The Condensed Consolidated Financial Statements included herein are unaudited
and include all adjustments which, in the opinion of management, are necessary
for a fair presentation of the results of operations of the interim period
pursuant to the rules and regulations of the Securities and Exchange
Commission.  Certain information and footnote disclosures normally included in
financial statements prepared in accordance with generally accepted accounting
principles have been condensed or omitted. These condensed financial statements
should be read in conjunction with the Company's Annual Report on Form 10-K for
the year ended April 30, 1996. The results of operations for the interim
periods are not necessarily indicative of the operating results for the whole
year.

NOTE 2: CONTINGENCIES

The Company and certain of its past and current officers and directors and its
outside auditors, BDO Seidman, LLP have been named as defendants in a
consolidated class action securities fraud lawsuit filed in the United States
District Court for the Eastern District of New York  entitled In re Health
Management, Inc. Securities Litigation, Master File No. 96 Civ. 0889 (ADS). The
consolidated actions allege claims under Sections 10(b) and 20(a) of the
Securities Exchange Act of 1934, arising out of alleged misrepresentations and
omissions by the Company in connection with certain of its previous securities
filings. The consolidated actions purport to represent a class of persons who
purchased the Company's common stock between August 25, 1994 and February 27,
1996, the date the Company announced that it would have to restate certain of
its financial statements. The consolidated actions seek unspecified monetary
damages reflecting the decline in the trading price of the Company's stock that
allegedly resulted from the Company's February 1996 announcements. Pursuant to
the Order of Consolidation, the Company will not be required to answer or
otherwise move in the action until January 6, 1997. The Company entered into a
Stipulation of Partial Settlement with the plaintiffs' counsel and on September
18, 1996 such Stipulation of Partial Settlement received preliminary court
approval (the "Original Settlement"). The Original Settlement provided for,
among other things, the payment by the Company of $2,000,000 in cash, the
issuance of 2,200,000 shares of Common Stock and warrants to purchase 2,200,000
shares of Common Stock. As a condition to Transworld's obligation to close the
Stock Purchase Agreement and the Merger Agreement, preliminary court approval
and final court approval, respectively, is required with respect to a modified
settlement providing for a $7,200,000 cash payment in lieu of the consideration
provided in the Original Settlement. The $7.2 million is included in settlement
costs in the 


                                       19

<PAGE>   20
accompanying Condensed Consolidated Statement of Operations for
the three and six months ended October 31, 1996.  An Amended Stipulation of
Partial Settlement to this effect was executed on December 19, 1996,
preliminary approval by the U.S. District Court for the Eastern District of New
York thereof was granted on December 20, 1996 and a hearing for final approval
is currently scheduled for March 14, 1997. The Company is in the  process of
negotiating with its directors and officers liability insurance  carrier with
respect to coverages for damages in connection with the  stockholder class
action lawsuit and any payments received from such carrier will reduce the
Company's liability with respect to such suits.

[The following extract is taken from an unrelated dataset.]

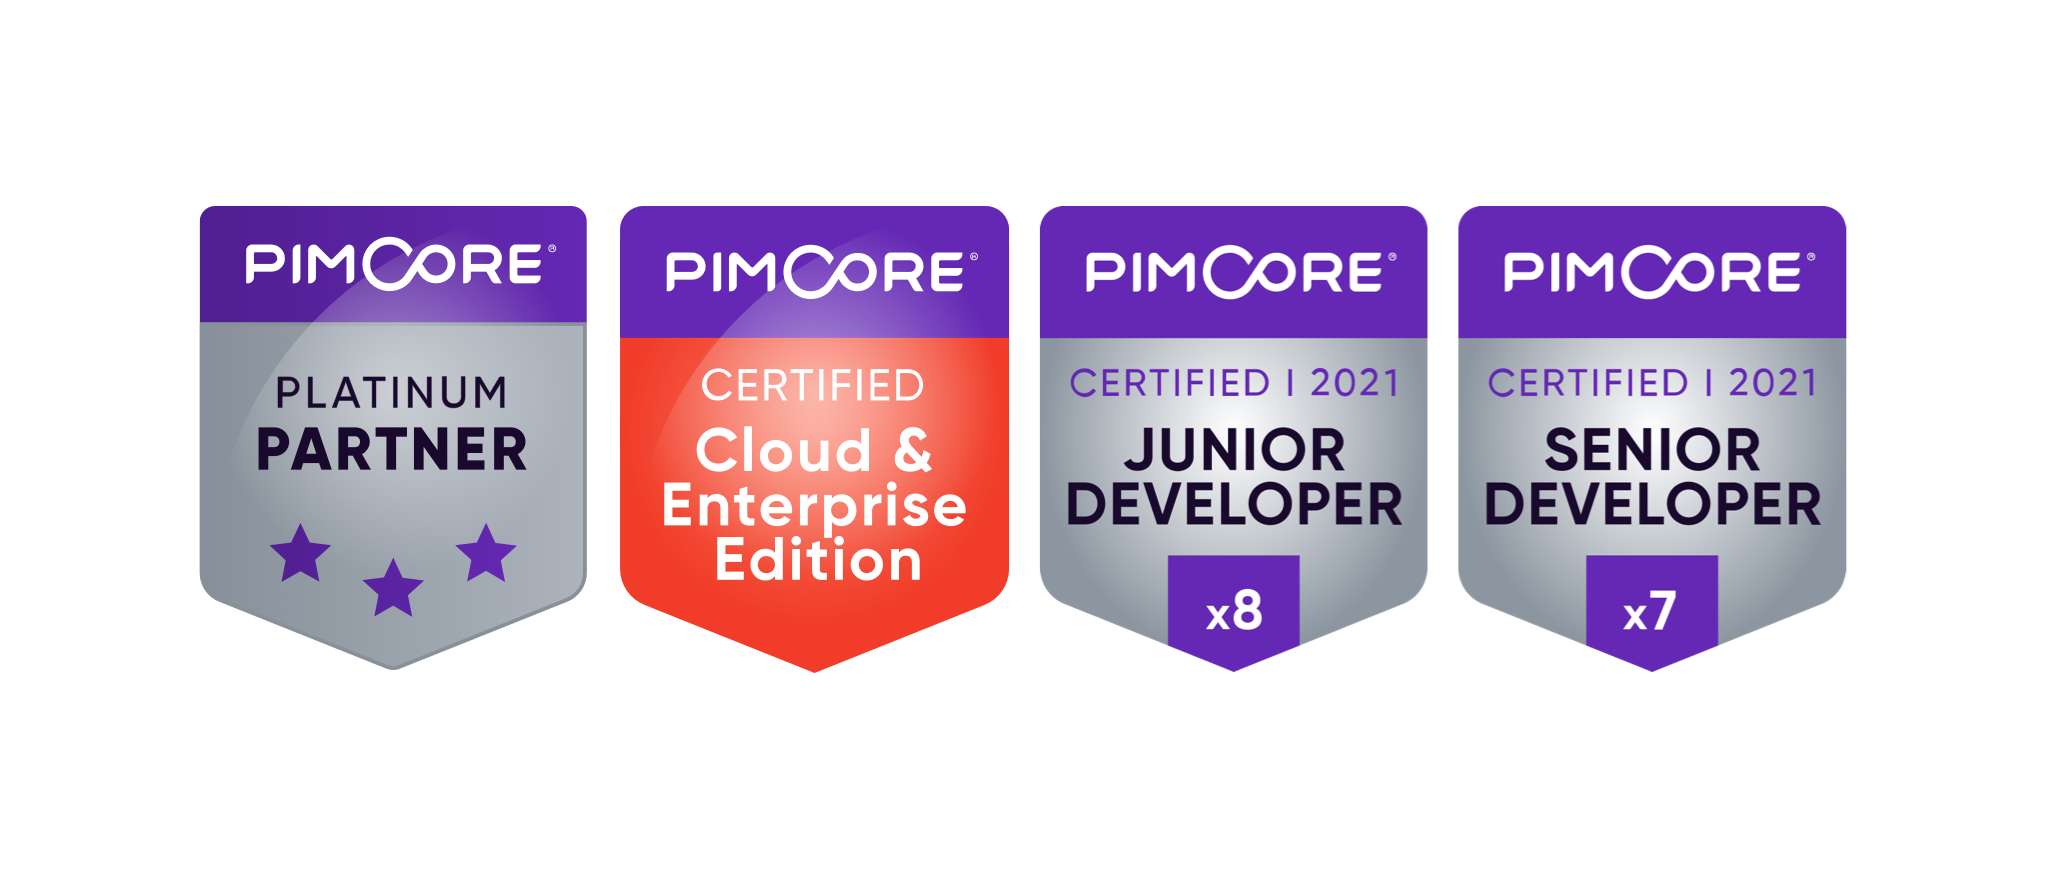 Signets von Pimcore-Zertifizierungen, welche twocream hat (Pimcore Platinum Partner, Certified Cloud & Enterprise Edition, Certified Junior Developer, Certified Senior Developer).

Certain of the Company's current and former directors and officers, including
Messrs. Bergman, Hotte, Clifton and Dimitriadis and Ms. Belloise, have been
named as defendants, and the Company has been named as a nominal defendant, in
a consolidated derivative action filed in the United States District Court for
the Eastern District of New York entitled In re Health Management, Inc.
Stockholders' Derivative Litigation, Master File No. 96 Civ. 1208 (TCP). The
consolidated action alleges claims for breach of fiduciary duty and
contribution against the individual director defendants arising out of alleged
misrepresentations and omissions contained in certain of the Company's previous
securities filings. The consolidated action seeks unspecified monetary damages
on behalf of the Company as well as declaratory and injunctive relief. An
amended consolidated complaint was served on the Company on August 12, 1996.
The Company's time to answer or move with respect to the amended consolidated
complaint has been extended pursuant to stipulation until January 31, 1997.

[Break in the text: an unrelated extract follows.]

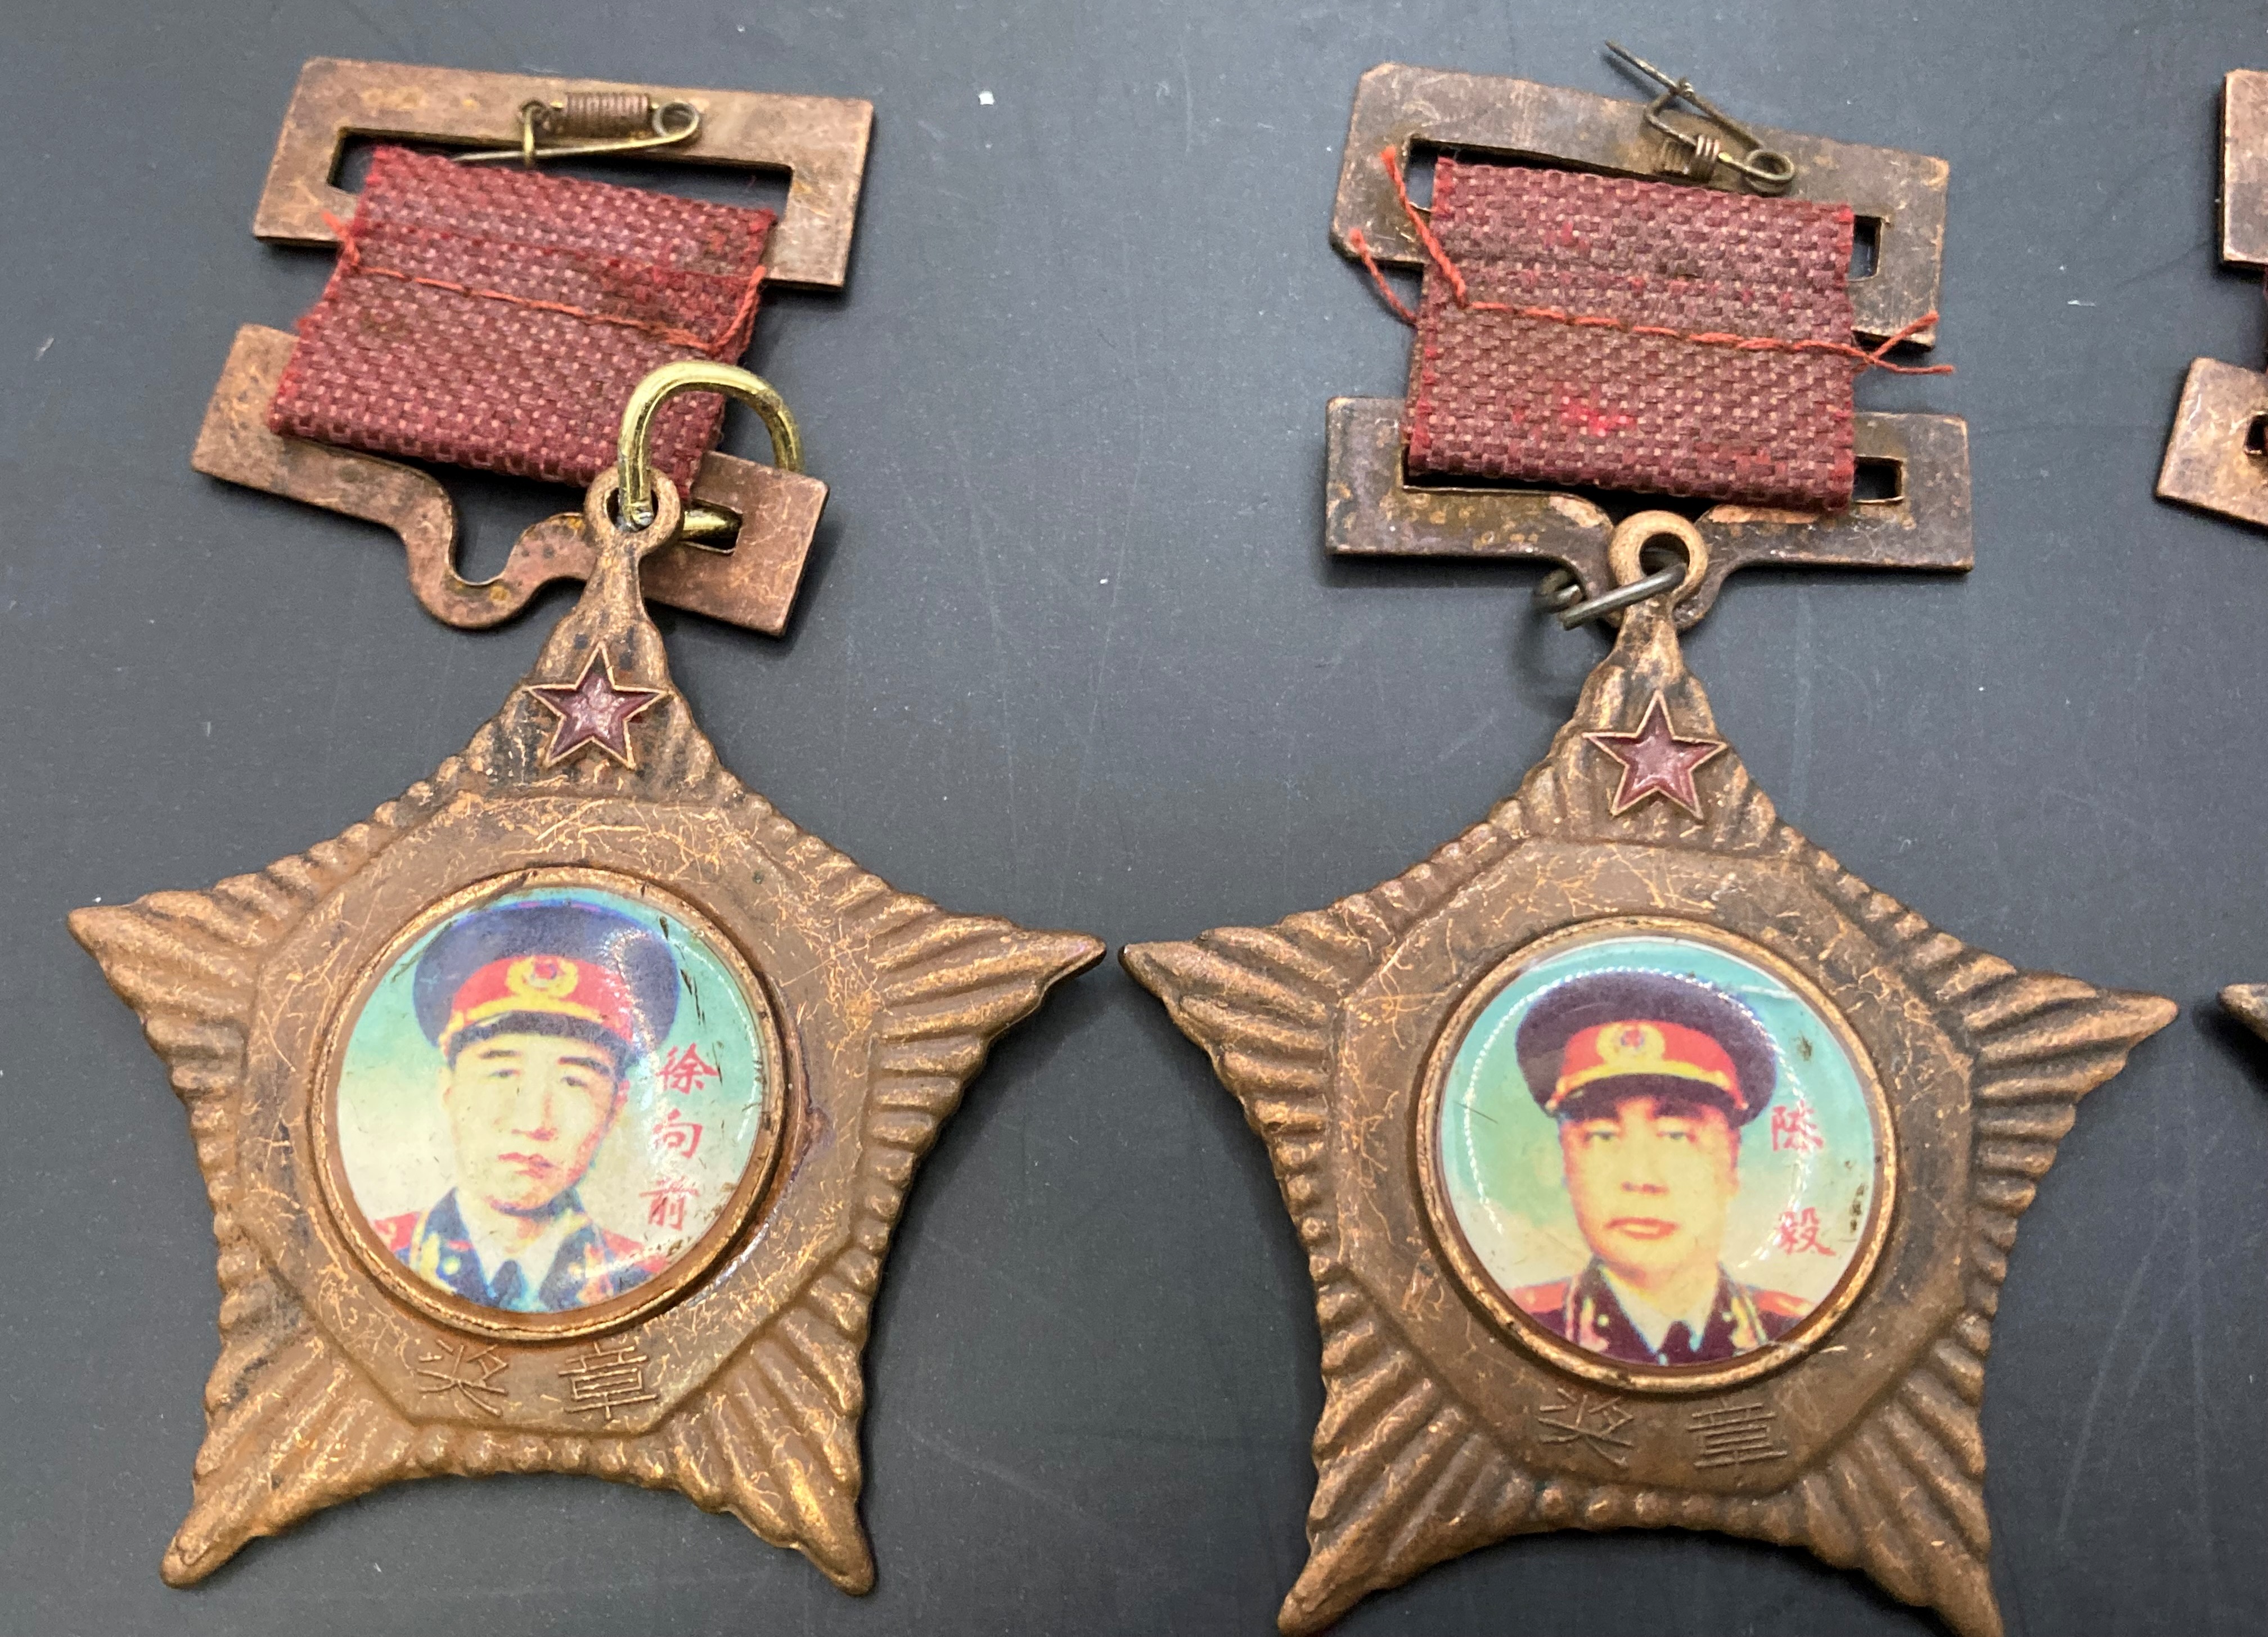 Seven Chinese 'Ten Generals' medals (Saleroom location: S33 GC4) - Image 4 of 6

Under the Company's Certificate of Incorporation and Bylaws, certain officers
and directors may be entitled to indemnification, or advancement of expenses
for legal fees in connection with the above suits. The Company may be required
to make payments in respect thereof in the future.

BDO Seidman, LLP has been named as a defendant, and the Company has been named
as a  nominal defendant, in a derivative lawsuit filed in the Supreme Court for
the State of New York, County of New York entitled Howard Vogel, et al. v. BDO
Seidman, LLP, et al., Index No.  96-603064. The complaint alleges claims for
breach of contract, professional malpractice, negligent misrepresentation,
contribution and indemnification against BDO Seidman arising out of alleged
misrepresentations and omissions contained in certain of the Company's previous
securities filings. BDO Seidman was the Company's auditor at the time those
filings were made and has continued to serve as such. The complaint seeks
unspecified monetary damages on behalf of the Company as well as declaratory
and injunctive relief. Pursuant to stipulation, the Company's time to answer or
otherwise move against the complaint in this action has been adjourned
indefinitely.

The enforcement division of the Securities and Exchange Commission has a formal
order of investigation relating to matters arising out of the Company's public
announcement on February 27, 1996 that the Company would have to restate its
financial statements for prior periods as a result of certain accounting
irregularities and the Company is fully cooperating with this  investigation
and has responded to the commission's requests for documentary evidence.

As a result of a New York State Medicaid audit, the Company is in discussions
with the New York State Department of Social Services regarding certain
overpayments to the Company. The Company estimates that it will have to pay
approximately $1.4 million in respect thereof.  The $1.4 million is
included as an unusual charge in the accompanying Condensed Consolidated
Statement of Operations for the three and six months ended October 31, 1996.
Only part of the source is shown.